Harris first saw the boyishly handsome Burtka in a Broadway production of Gypsy, and was immediately drawn to him. “You couldn’t stop looking at him,” Harris says, “even though Bernadette Peters was singing her face off 10 feet over.” But Burtka was in a relationship, and it took a while before anything happened between them. “My friend Kate knew that my other relationship and I weren’t doing so hot,” says Burtka, and she told Harris, “‘Why don’t you show up here at this time, because he’s going to be there.’ And I’m like, ‘This is weird. He keeps showing up places, I think he might be a stalker!'”
The two men have a lot in common – until Harris’ recent weight loss, they could even share clothes. But there are key personality differences. “David is a heart-driven person, and I am a head-driven person,” says Harris. “So we balance each other out, in that way, and challenge each other. Because he demands that I feel more than I want to, and I demand that he think more than he wants to.”
When Harris, Burtka and the kids step out onto the streets of Manhattan, looking like a glittering showroom model of a modern gay family, they inevitably get hassled. The problem is as simple as it is unavoidable: Try as they might, straight dudes can’t seem to stop trying to high-five Harris. “Yo, it’s Barney, man!” they say, unless they’re dropping Harold and Kumar references. “You’re my idol!” Sometimes, for good measure, they give Burtka a hug, too. “His fans are incredible,” says Burtka. “So many frat-boy guys. It doesn’t seem right, in a way. But it’s very exciting at the same time.”
There are certain pressures, though, that come with being one of America’s most famous gay families. “There is a lot of ‘Oh, you guys are role models,'” says Burtka. “I’m superhappy that people look to us. If anything happened, God forbid, I wouldn’t want to let anyone down. But nothing will! After you get to, like, seven, eight years, it’s like, ‘No one’s going anywhere.'”

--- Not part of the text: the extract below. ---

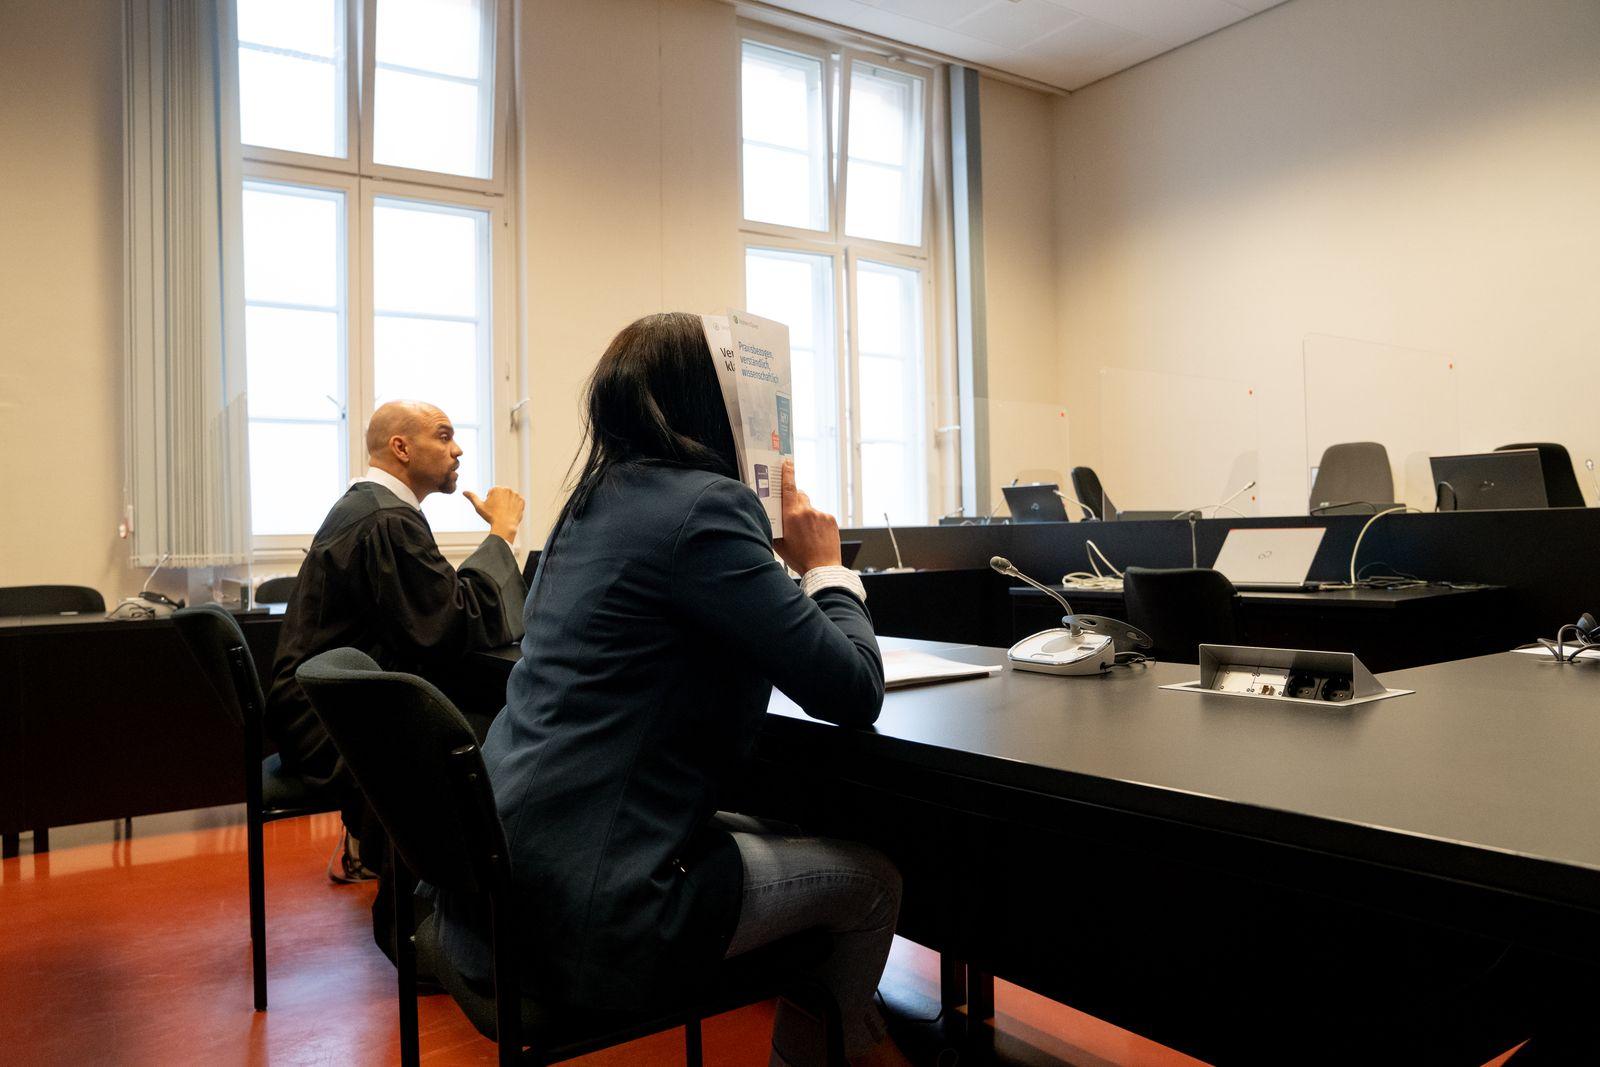 Trial Of Denis Cuspert Widow And Islamic State Member Begins In Hamburg

Harris grew up in rural Ruidoso, New Mexico, where he learned mastery of his environment at a very young age. His parents, both lawyers, were often at work, and Harris and his older brother, Brian, ran free in the woods. “It was very small-town,” says Harris, turning dreamy at the memory. “Almost Native American, to be honest. Fishing in duck ponds, running through pine forests. We would create our own little world. I remember running through major woods, where there was no trail, but knowing exactly how to get home. You knew, in a sort of tribal way, which pine tree meant ‘make a left turn here.'”
Neil’s first straight-dude fans were his older brother and his friends, who let the charming younger kid tag along on their adventures. “He was really, really easygoing and easy to get along with,” says Brian Harris, 43, who until recently worked as a manager for a restaurant owned by their parents, and is now illustrating Neil’s autobiography. “There’s this side of a lot of entertainers, where they want to please. They want to humor and entertain and all of that, and it makes that personality type generally very . . . accommodating. ‘Accommodating’ makes him sound kind of like a pussy, and it’s not like that. It was more like he was supercool, and would roll with any situation.”

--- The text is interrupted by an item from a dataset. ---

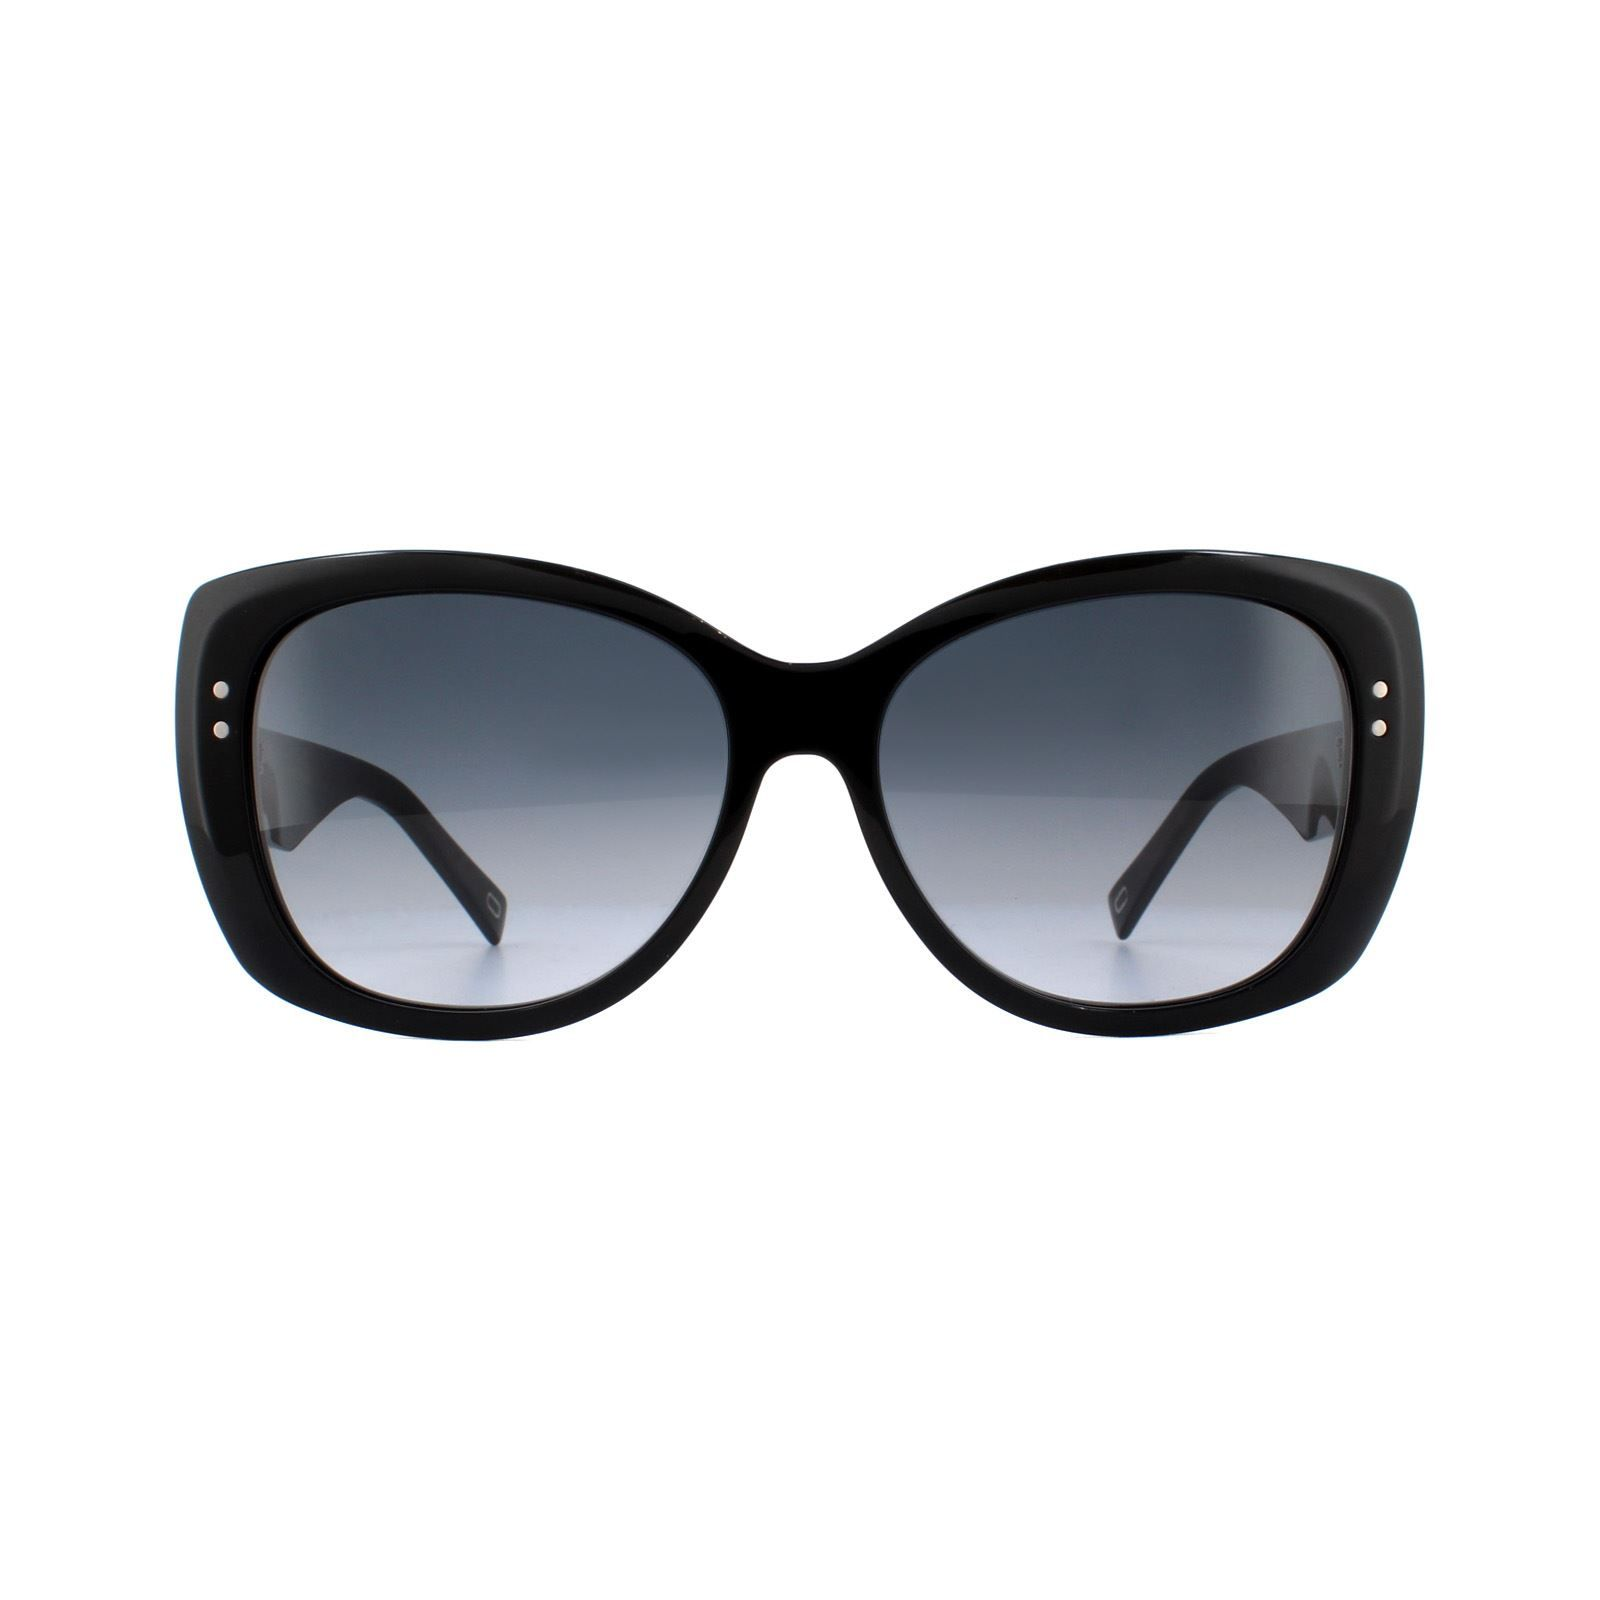 Marc Jacobs Sunglasses MARC 121/F/S 807 HD Black Grey Gradient

As early as elementary school, Neil came to the confusing realization that he found other boys attractive. “I had crushes on boys that were a little bit older than me,” says Harris. “It was sort of an infatuation, but physical. Not physical as in I did anything physical, but I was infatuated by the physicalization of them. But I didn’t know how that would be manifested at all. I think it would be easier to make that leap at that age now, because there are so many examples. But not back then, in a tiny town in the middle of the mountains of New Mexico. I wasn’t troubled by it. Playing footsie with a friend under the table at school was very charged, to me, but I didn’t know then what to do about it.”

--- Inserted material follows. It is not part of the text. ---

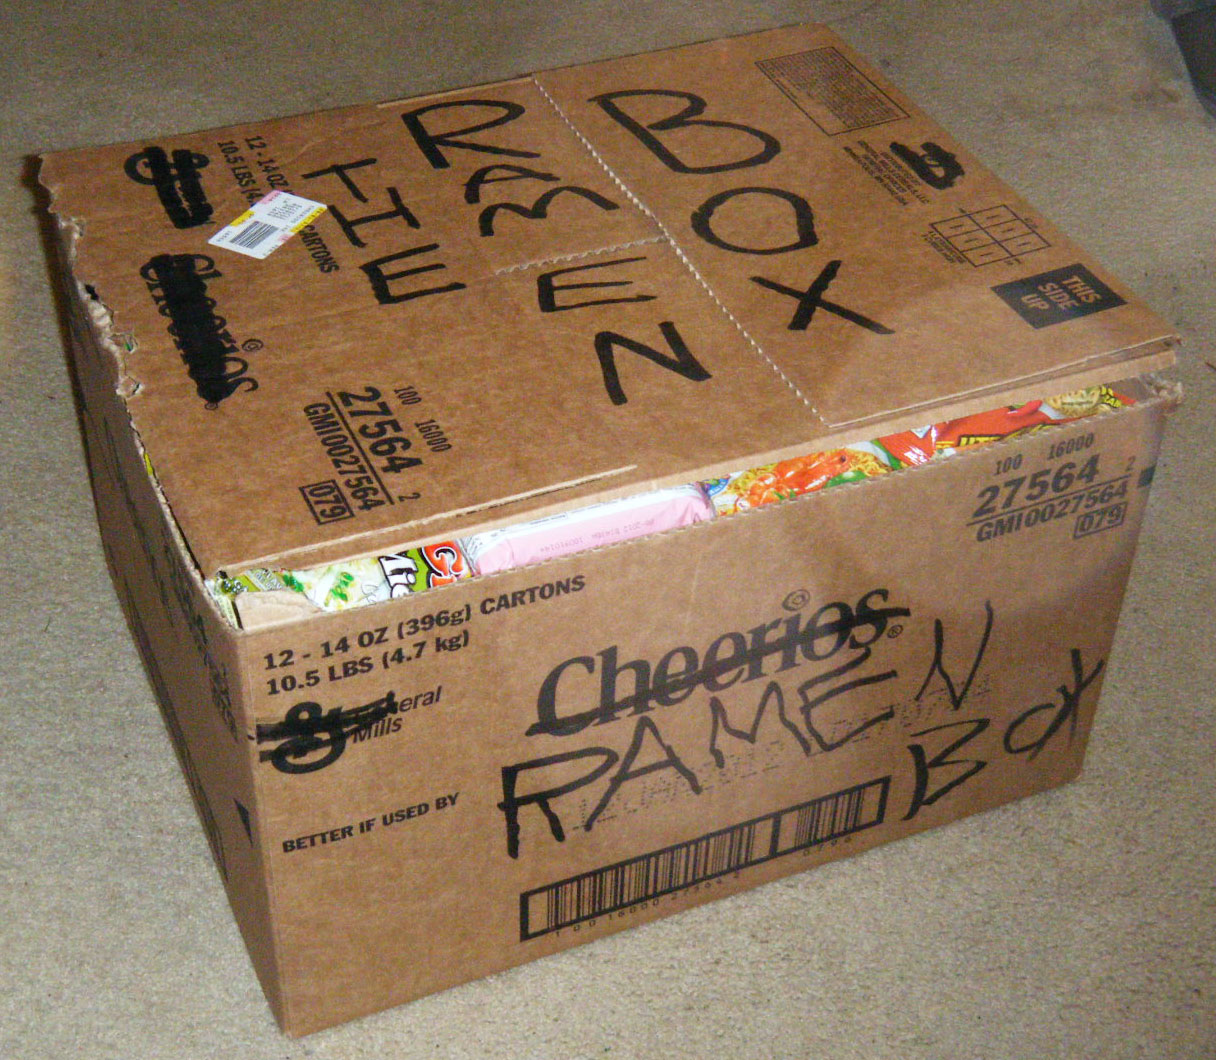 The ramen box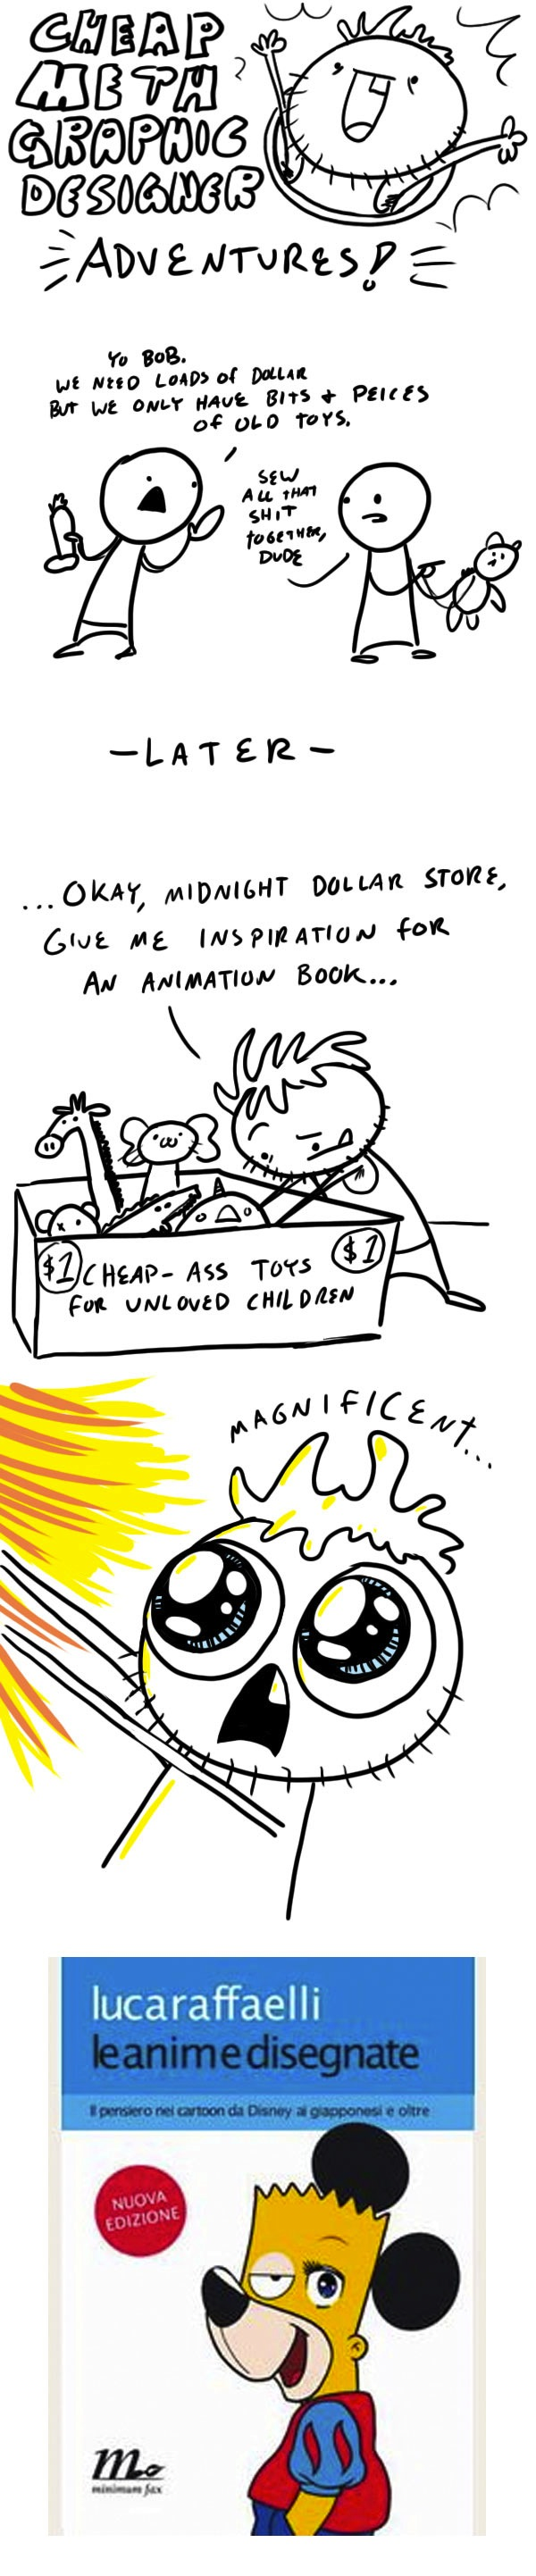 Animation Manual

Growing up, he can’t remember actually knowing anyone who was gay, or even seeing any role models on TV. “No, it was always, like, the weird aunt or uncle that someone had that they didn’t talk about,” he says with a laugh. “‘Oh, Cousin Jeffrey,’ you know? ‘He’s strange. He really should settle down with a girl.’ But it was always a ‘dot, dot, dot’ kind of thing.” He stayed closeted until his early twenties, never really dating a guy until after then.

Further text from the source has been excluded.